Josie Desmarais

À la suite d’une enquête menée par le journaliste Thomas Gerbet, de Radio-
Canada, on apprenait quelques histoires assez juteuses sur les relations entre le maire sortant et les médias, fonctionnaires et autres élus. Des trucs assez cutes merci. Comme celle de balancer à un jeune journaliste: «On va suivre ta carrière de près.» Dans le sens intimidation du terme, bien entendu. De toute beauté et, surtout, du grand Coderre.

Probablement sans réaliser l’ironie de sa boutade, le maire sortant allait réagir à l’enquête en question en répliquant, haut et fort: «C’est-tu une dépense électorale pour mes adversaires?» De l’intimidation, moi? Ben voyons…

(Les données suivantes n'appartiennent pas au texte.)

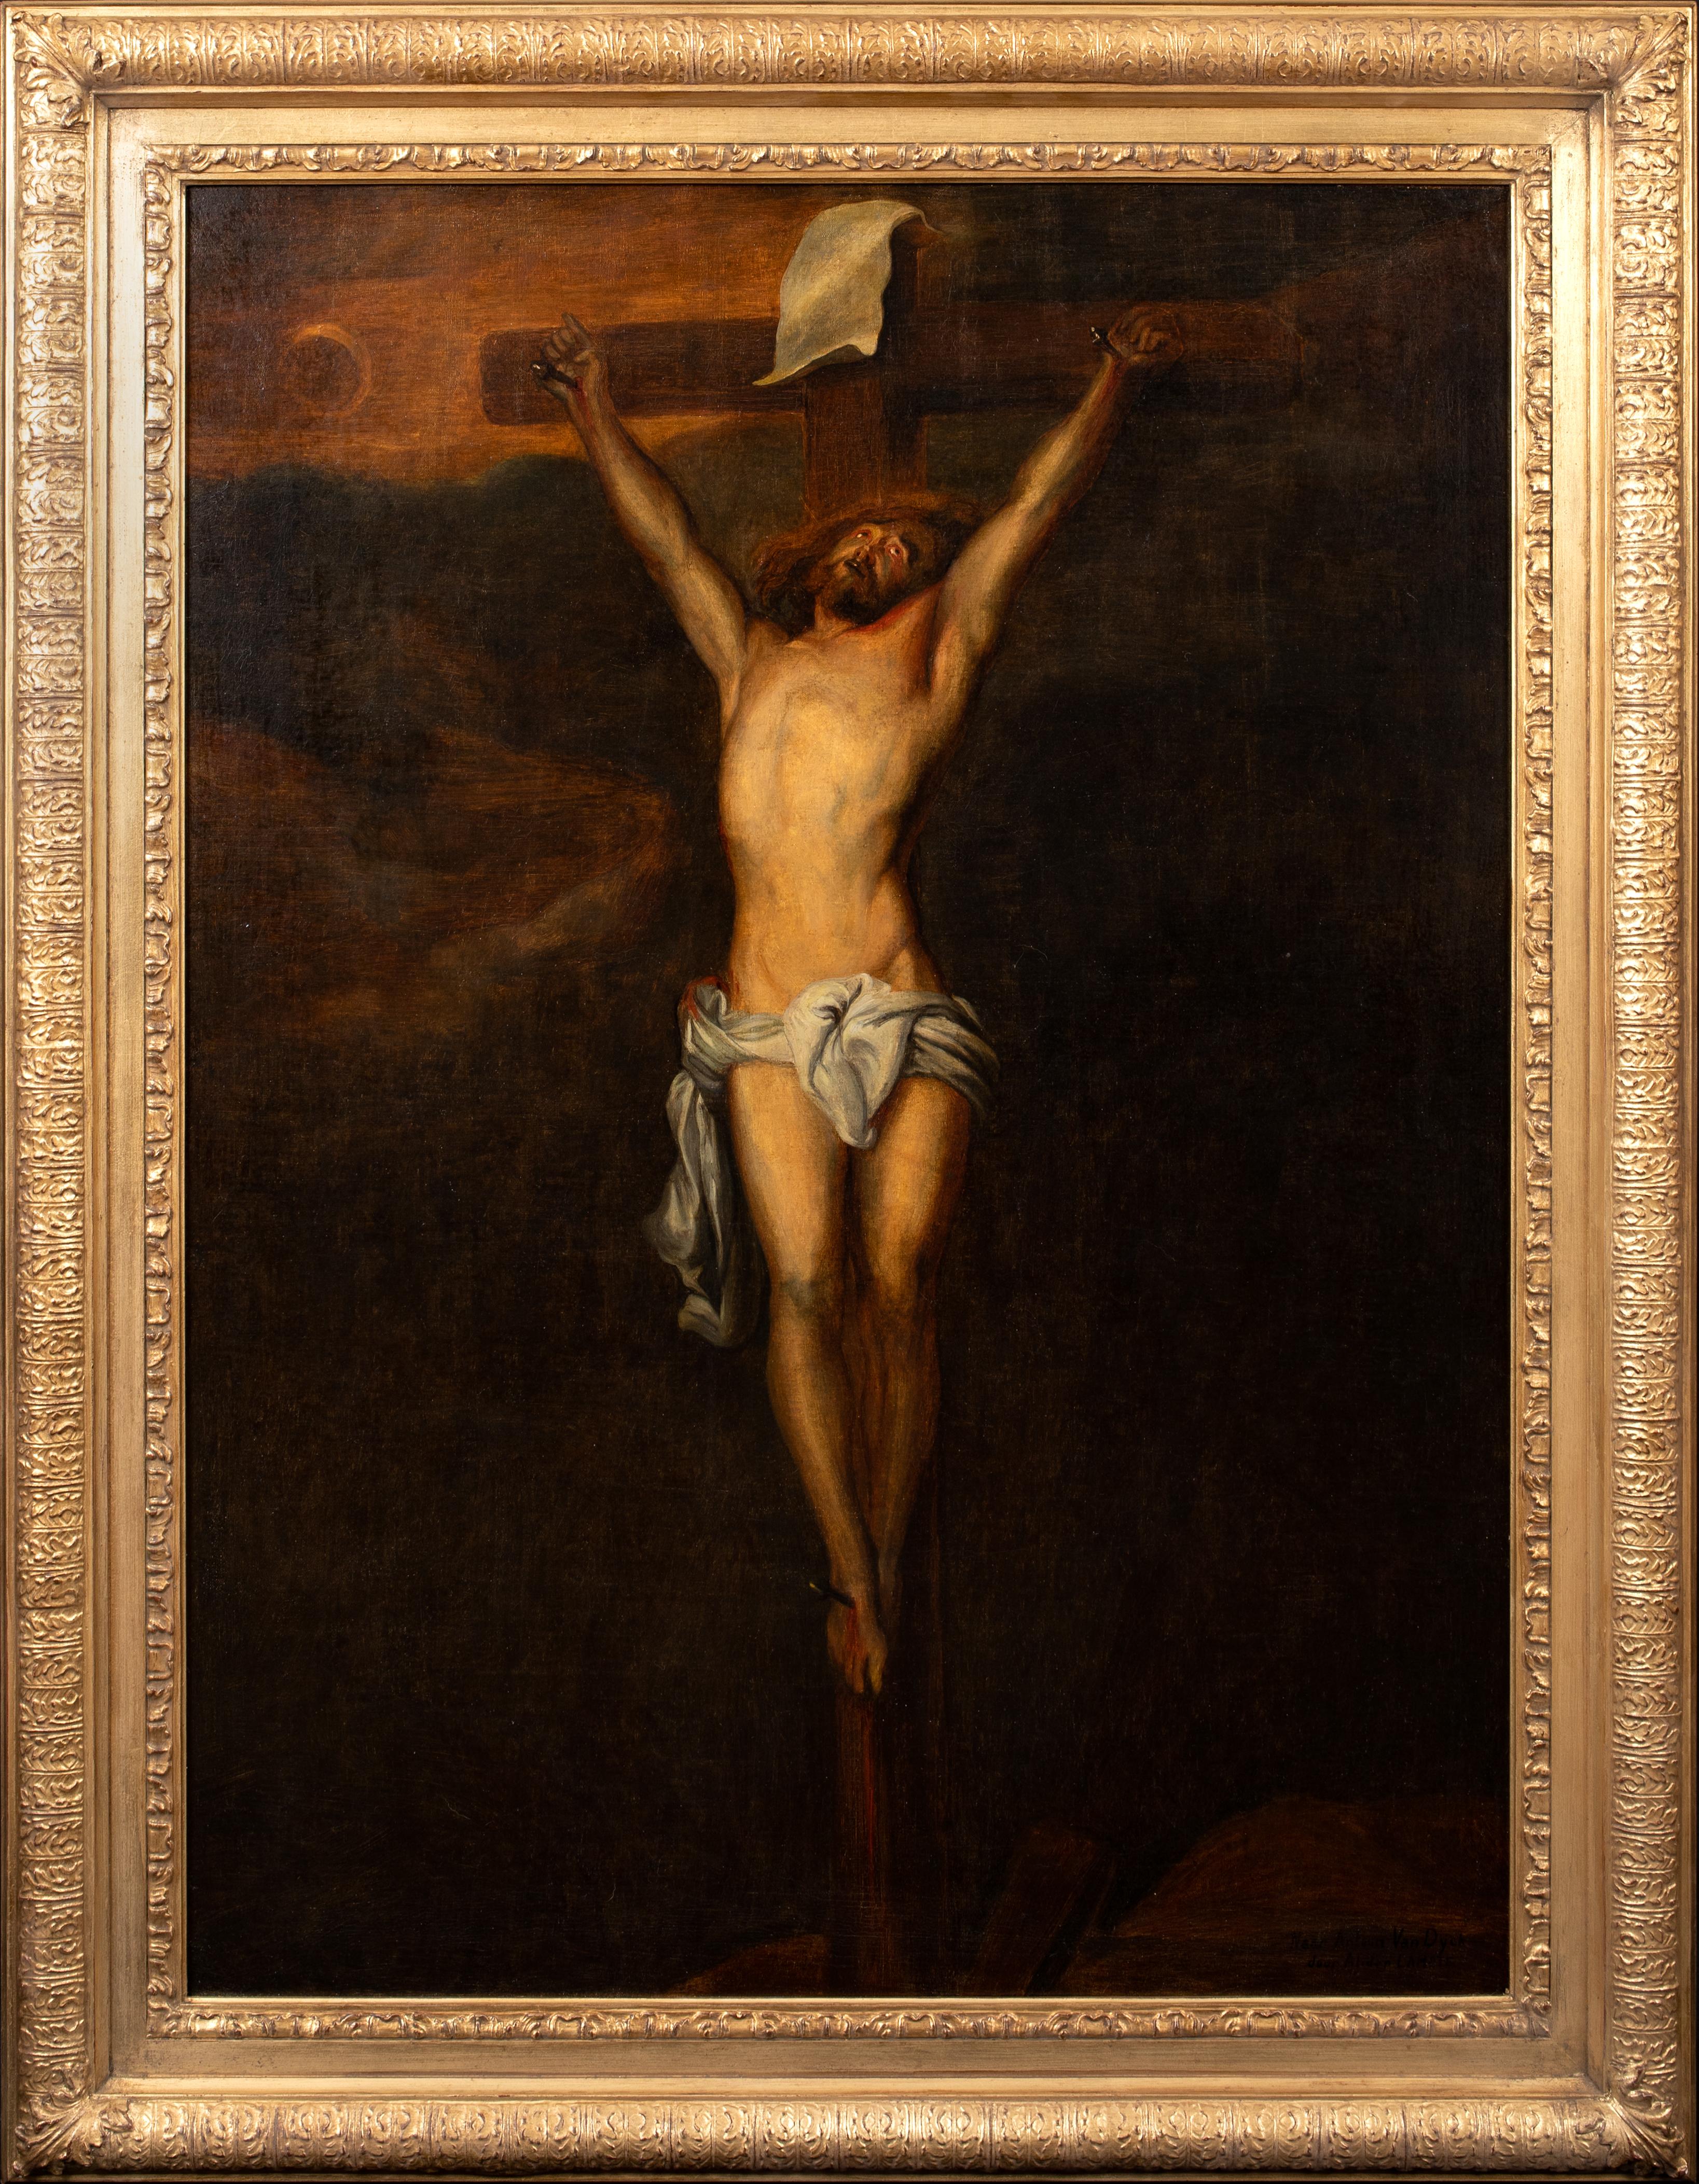 Anthony Van Dyck Portrait Painting - The Crucifixion, 17th Century   circle of Anthony VAN DYCK (1599-1641)

Pas une surprise, disions-nous. Parce que la carrière politique de ce dernier – son seul fait d’armes professionnel, excluant un passage controversé à titre de vice-président de Groupe Polygone – est assurément teintée d’un style autant populiste que bully. Parce qu’autant Coderre adore donner des coups, autant il déteste en recevoir. S’ajoute à cela une propension marquée au contrôle total de l’information. Notamment parce qu’il en connaît, voire exagère, l’importance. Il m’a déjà lancé, au début des années 2000: «Bérard, l’information, c’est le pouvoir. Rien d’autre.» Voilà qui était dit. Et qui résumait le socle de sa carrière politique.

Un ami journaliste me racontait récemment que la directrice des communications du maire sortant l’appelait de temps à autre pour se plaindre d’un fait assez particulier: après avoir compté le nombre de mots précis d’un texte donné, il était simplement injuste, pratiquement odieux, que l’espace consacré aux adversaires soit supérieur à celui réservé à son patron. Compter-le-nombre-de-mots.

On se rappelle aussi toute la saga entourant le scandale des commandites, où ses liens d’amitié avec certains des acteurs impliqués avaient amené les médias à enquêter de manière sérieuse. On avait ainsi déniché certaines perles, notamment les séjours de Denis Coderre au condo de Claude Boulay, ou encore les contrats, juteux, obtenus par le même Groupe Polygone (poursuivi depuis au civil).

Durant la tempête, l’ex-ministre Coderre (Paul Martin l’avait dégommé en raison de soupçons à son endroit) allait un jour s’énerver en bonne et due forme. Au point de balancer au journaliste Daniel Leblanc, lequel l’interrogeait sur l’histoire du condo de Boulay, cette nouvelle perle: «On a des moyens au gouvernement. Qu’est-ce que les journalistes diraient si la GRC mettait le nez dans leur vie privée?» Il y a trois noms, pour ce type de propos: chantage, intimidation et menace.

Certains y voient, de toute évidence, une simple question de style. Pas moi. Un élu qui menace un membre des médias de lui balancer la police aux fesses? Vraiment? Simple affaire de style?

Récidiviste, Coderre allait notamment en rajouter une couche bien épaisse avec l’histoire de Patrick Lagacé. Déjà oubliée? Faudrait pas. Parce qu’il en va, me semble bien, de la vigueur de notre liberté de presse. Et qui dit liberté de presse, dit démocratie et État de droit. Juste ça.